Top seller with Windows 7

Taiwan Semiconductor’s chairman Morris Chang spoke in metaphors about Intel’s Ultrabook war on the MacBook Air in a recent speech. Chang said that Intel is competing directly with TSMC’s customers while “standing behind a veil.”

Secretive Apple and AMD both happen to be big TSMC customers, and both are noticeably absent from Chang’s speech.

Given that Intel is paying subsidies to all non-Apple computer manufacturers to make artificially-underpriced MacBook Air clones, (strangely reminiscent of the same anticompetitive rebate scheme that got Intel into antitrust trouble in the first place), could Chang have been referring toIntel and Apple, when he said that Intel is attacking TSMC’s customers from “behind a veil?”
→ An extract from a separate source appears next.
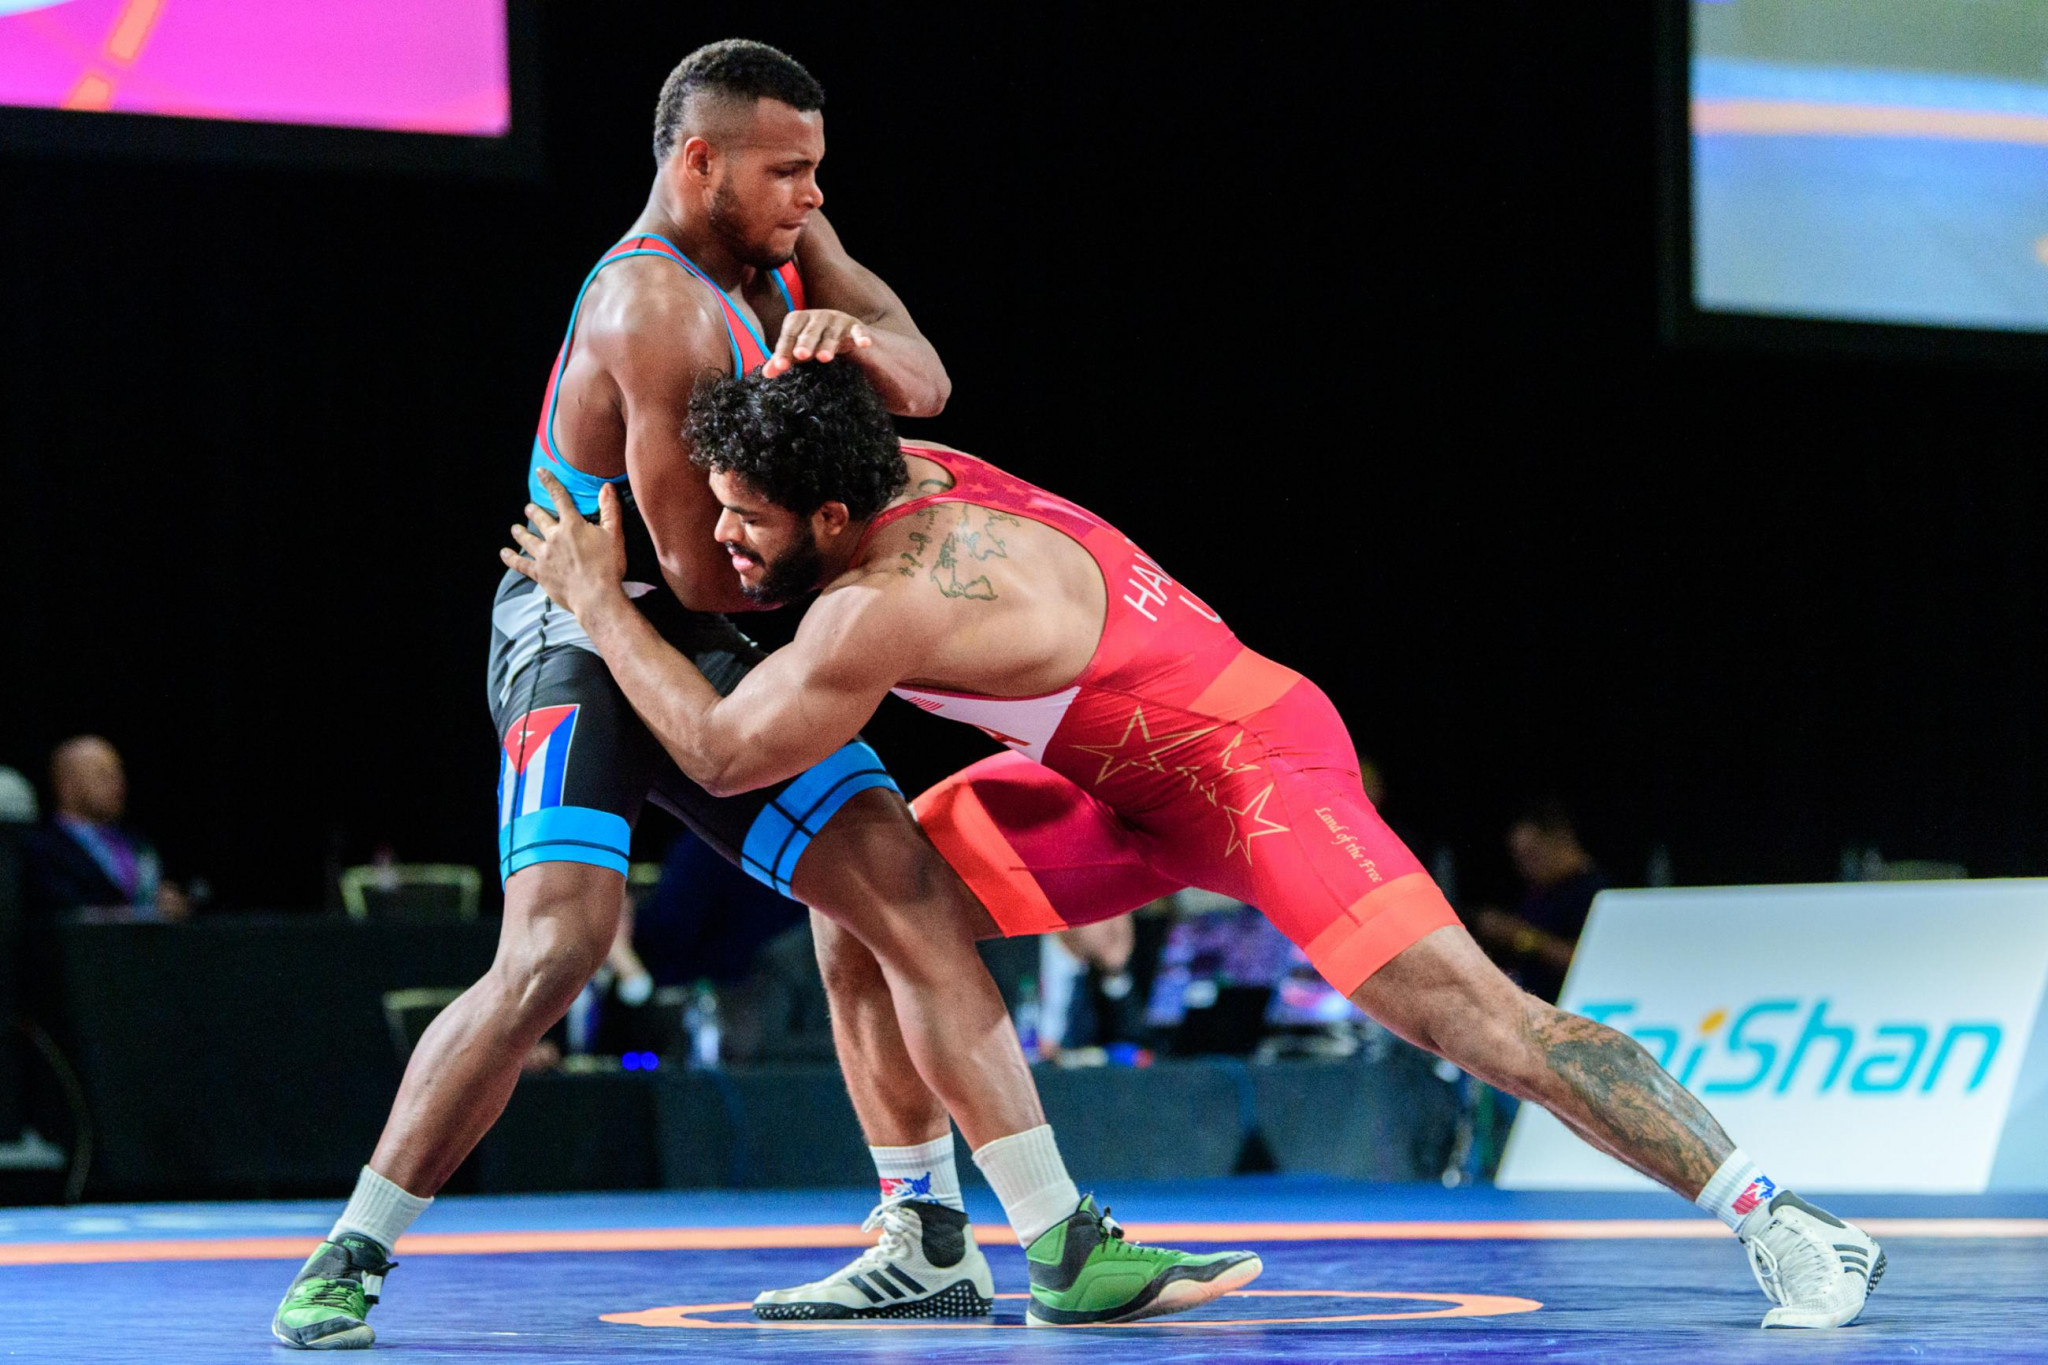 United States win three golds on day one of Pan American Wrestling Championships in Ottawa

With TSMC’s Chang now pledging his support to “stand behind” its customers on the battlefield against Intel, Intel paying the non-Apple computer manufacturers to make Apple sauce out of Apple, and Apple now publicly asking Petragon to stop making MacBook Air clones, it looks like the war is on.

The hair and fur are just starting to fly. Intel is using age-old anticompetitive tactics of paying all the manufacturers to put a defiant manufacturer at a disadvantage, but the anti-competitive gorilla might just get flattened by Apple - which is now a $500 billion elephant.